Like Covid, it is hard to argue that the impacts of tariffs are not, in layman’s terms, material. Opponents, however, will no doubt claim that tariffs are a natural part of the global economy and akin to normal industry fluctuations. They will also likely claim that tariffs are potentially temporary, the policies of a rotating executive branch, akin to consistent, immaterial seasonal shifts found in other disputes. And, of course, tariffs arguably constitute a change in government policy or “change[] in interest or exchange rates, monetary policy, or inflation,” which are often explicitly exempt, like in the Akorn agreement.
As the Akorn court explained, however, MAE provisions typically contain exclusions from the exceptions. And unlike Covid, these carve-outs may save recalcitrant buyers from the new burdens of tariffs:
“A standard exclusion from the buyer’s acceptance of general market or industry risk returns the risk to the seller when the seller’s business is uniquely affected. To accomplish the reallocation, the relevant exceptions are qualified by a concept of disproportionate effect.
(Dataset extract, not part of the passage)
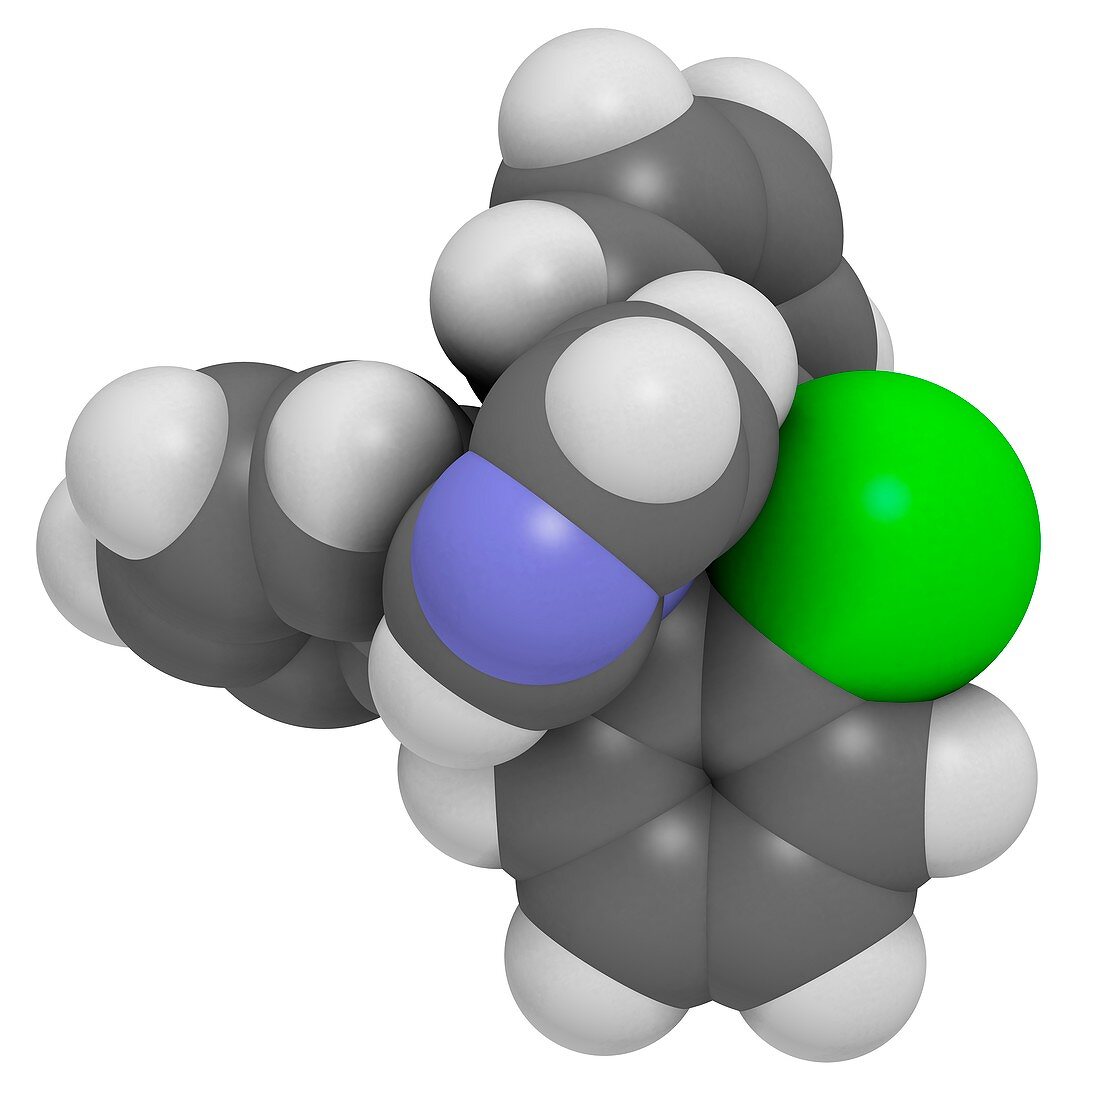 Clotrimazole antifungal drug molecule

For example, a buyer might revise the carve-out relating to industry conditions to exclude changes that disproportionately affect the target as compared to other companies in the industries in which such target operates.”
In Akorn, the target company’s business suffered a deep decline “disproportionate to its industry peers” due to “unexpected new market entrants who competed with Akorn’s three top products” and the unexpected loss of a key contract. Rather than industry headwinds generally affecting pharmaceutical companies, the court found these issues to be specific business risks allocated to Akorn, sufficient to trigger an MAE.
Under the recently announced regime, a 10% baseline tariff applies to most countries equally, but an “individualized reciprocal higher tariff” will hit “countries with which the United States has the largest trade deficits,” unless those countries have been able to reach a more favorable trade deal with the Trump Administration first.
In other words, companies facing the 10% baseline tariff are in the same boat as most others — they are all facing factors “generally affecting … the economy, credit or financial or capital markets, in the United States or elsewhere in the world, including changes in interest or exchange rates, monetary policy or inflation.”
But not all tariffs were created, or are evolving, equally, and some companies — especially those based in countries with a high reciprocal tariff rate (or relying on the manufacturing or goods of those countries in their supply chains) — will undoubtedly be experiencing a unique, “disproportionate effect.”
And so, while MAE terminations are few and far between, the strategic litigation opportunity to shed a deadweight target company with shrinking margins is hard to ignore. Not all tariffs or deals are the same, and creative arguments regarding the applicability of MAE’s should be considered by both acquirers and the targets alike.